One embodiment includes a computer program product which is a machine readable medium (media) having instructions stored thereon/in which can be used to program one or more hosts to perform any of the features presented herein. The machine readable medium can include, but is not limited to, one or more types of disks including floppy disks, optical discs, DVD, CD-ROMs, micro drive, and magneto-optical disks, ROMs, RAMs, EPROMs, EEPROMs, DRAMs, VRAMs, flash memory devices, magnetic or optical cards, nanosystems (including molecular memory ICs), or any type of media or device suitable for storing instructions and/or data. Stored on any one of the computer readable medium (media), the present invention includes software for controlling both the hardware of the general purpose/specialized computer or microprocessor, and for enabling the computer or microprocessor to interact with a human viewer or other mechanism utilizing the results of the present invention. Such software may include, but is not limited to, device drivers, operating systems, execution environments/containers, and applications.
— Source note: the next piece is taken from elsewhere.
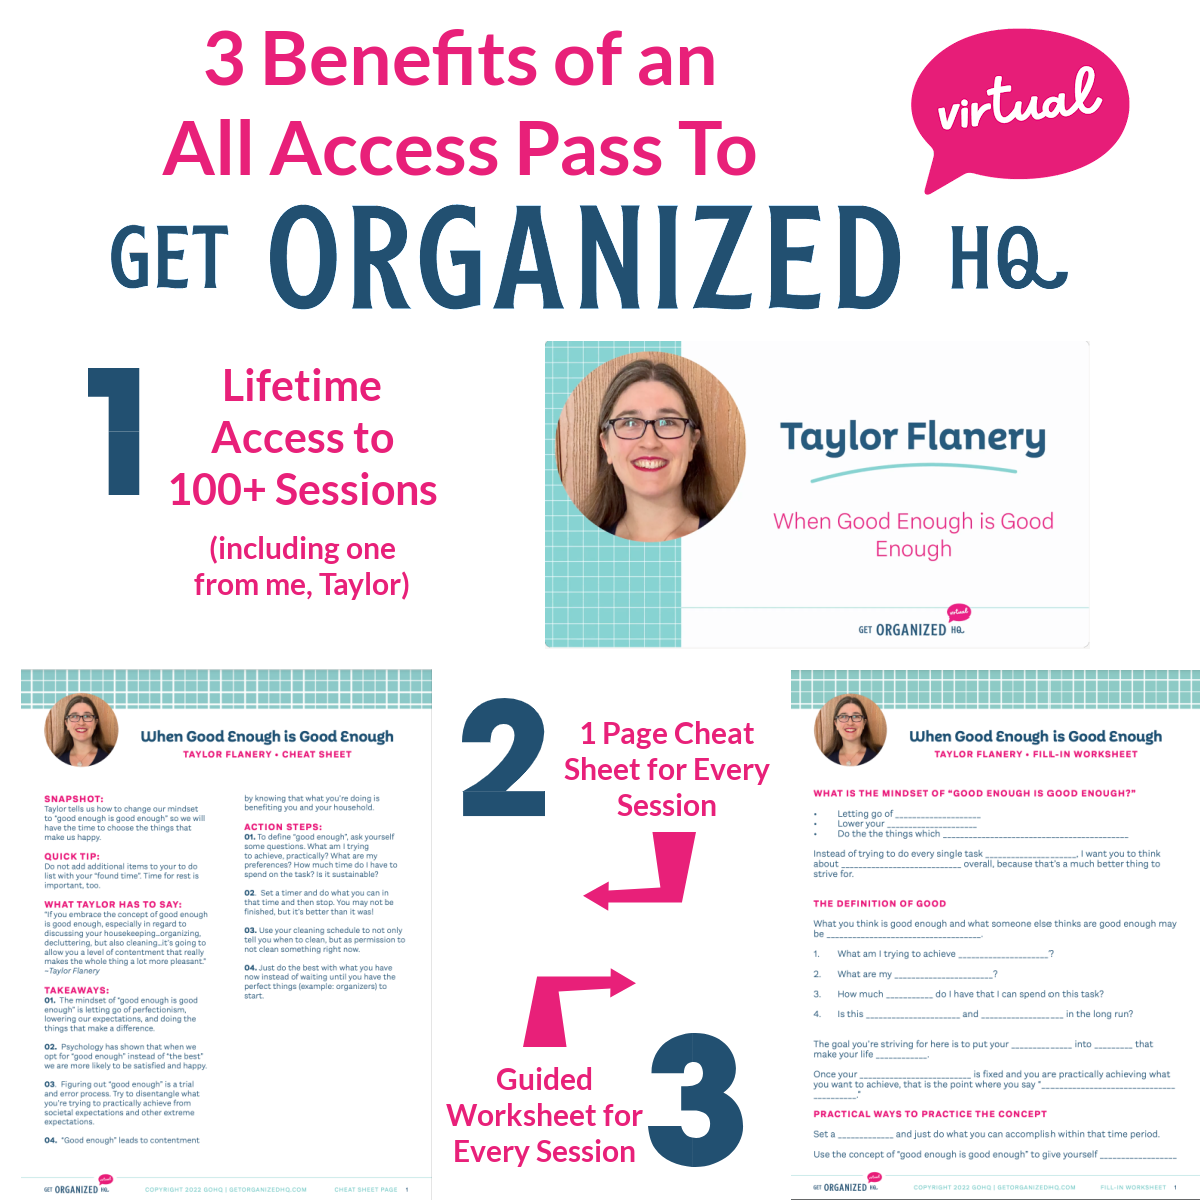 3 benefits to an All Access Pass to Get Organized HQ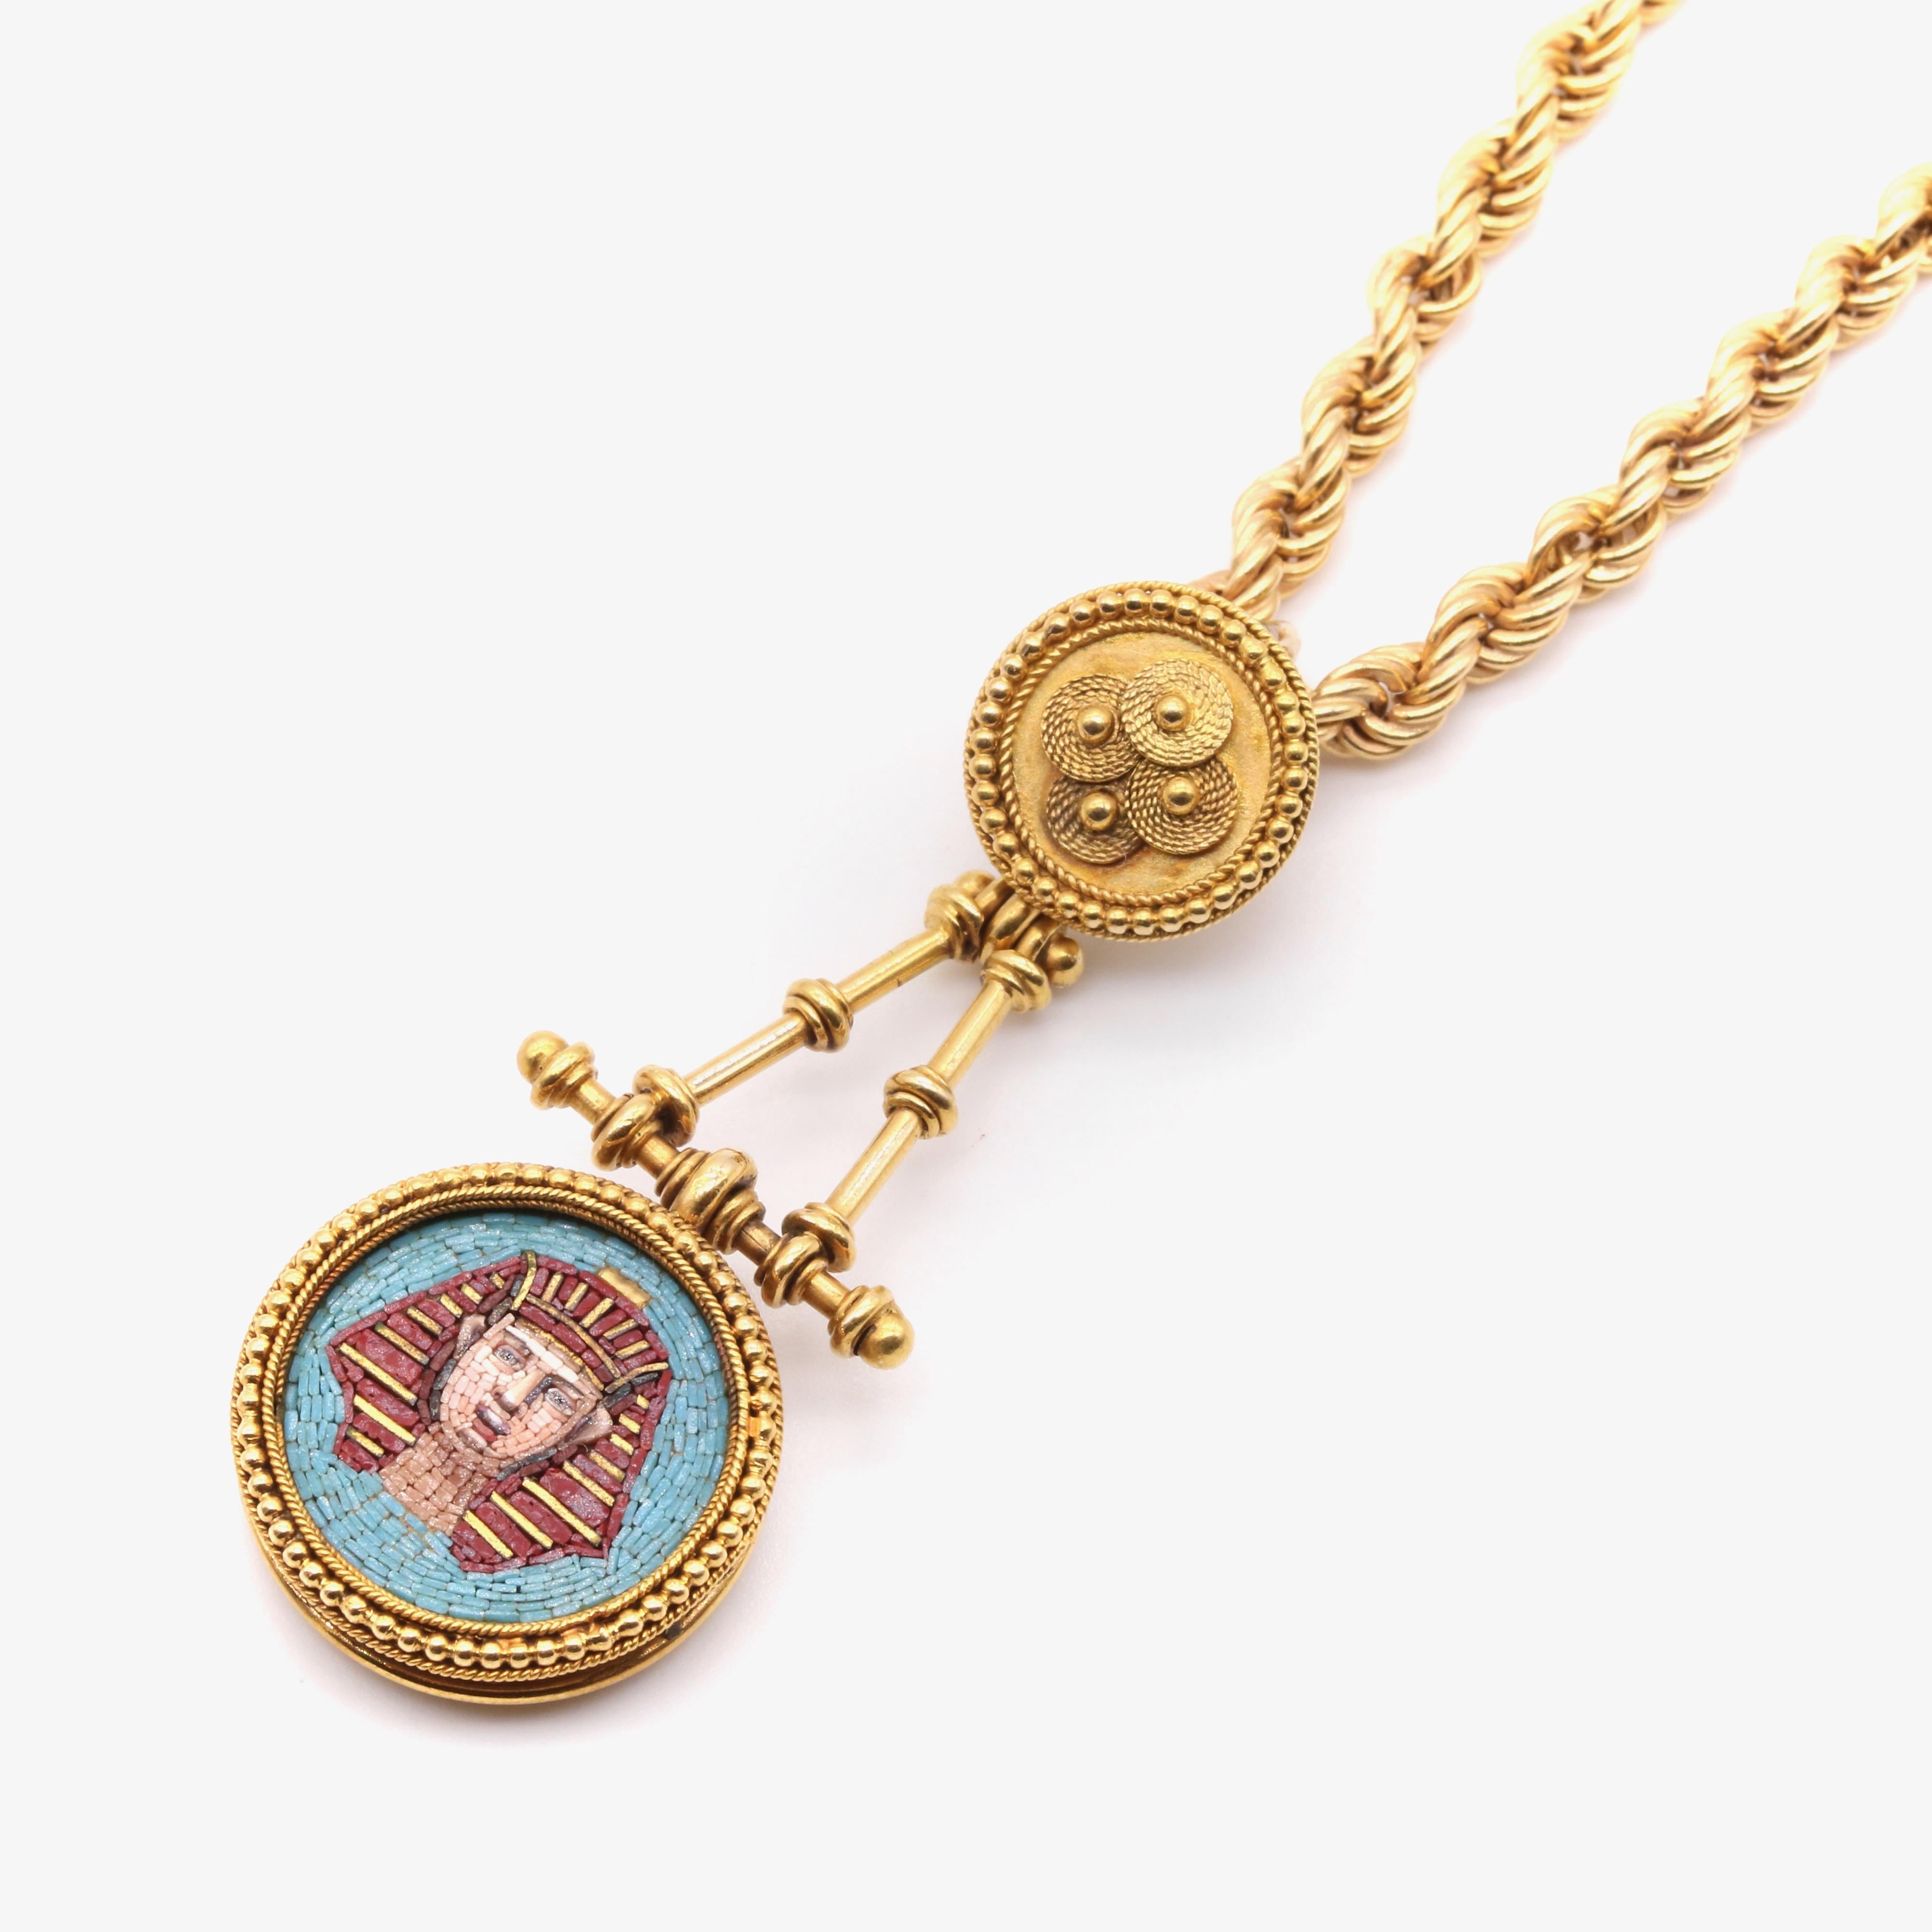 Antique Victorian 1870s 18K Gold Egyptian Revival Pharaoh Micro Mosaic Pendant For Sale 7

The foregoing description of various embodiments of the claimed subject, matter has been provided for the purposes of illustration and description. It is not intended to be exhaustive or to limit the claimed subject matter to the precise forms disclosed. Many modifications and variations will be apparent to the practitioner skilled in the art. Particularly, while the concept “interface” is used in the embodiments of the systems and methods described above, it will be evident that such concept can be interchangeably used with equivalent software concepts such as, class, method, type, module, component, bean, module, object model, process, thread, and other suitable concepts. While the concept “component” is used in the embodiments of the systems and methods described above, it will be evident that such concept can be interchangeably used with equivalent concepts such as class, method, type, interface, module, object model, and other suitable concepts. Embodiments were chosen and described in order to best describe the principles of the invention and its practical application, thereby enabling others skilled in the relevant art to understand the claimed subject matter, the various embodiments and with various modifications that are suited to the particular use contemplated.
This application is related to U.S. Ser. No. 12/476,953 filed Jun. 2, 2009, which is a continuation-in-part of U.S. Ser. No. 12/253,893, filed Oct. 17, 2008, both of which applications are fully incorporated herein by reference.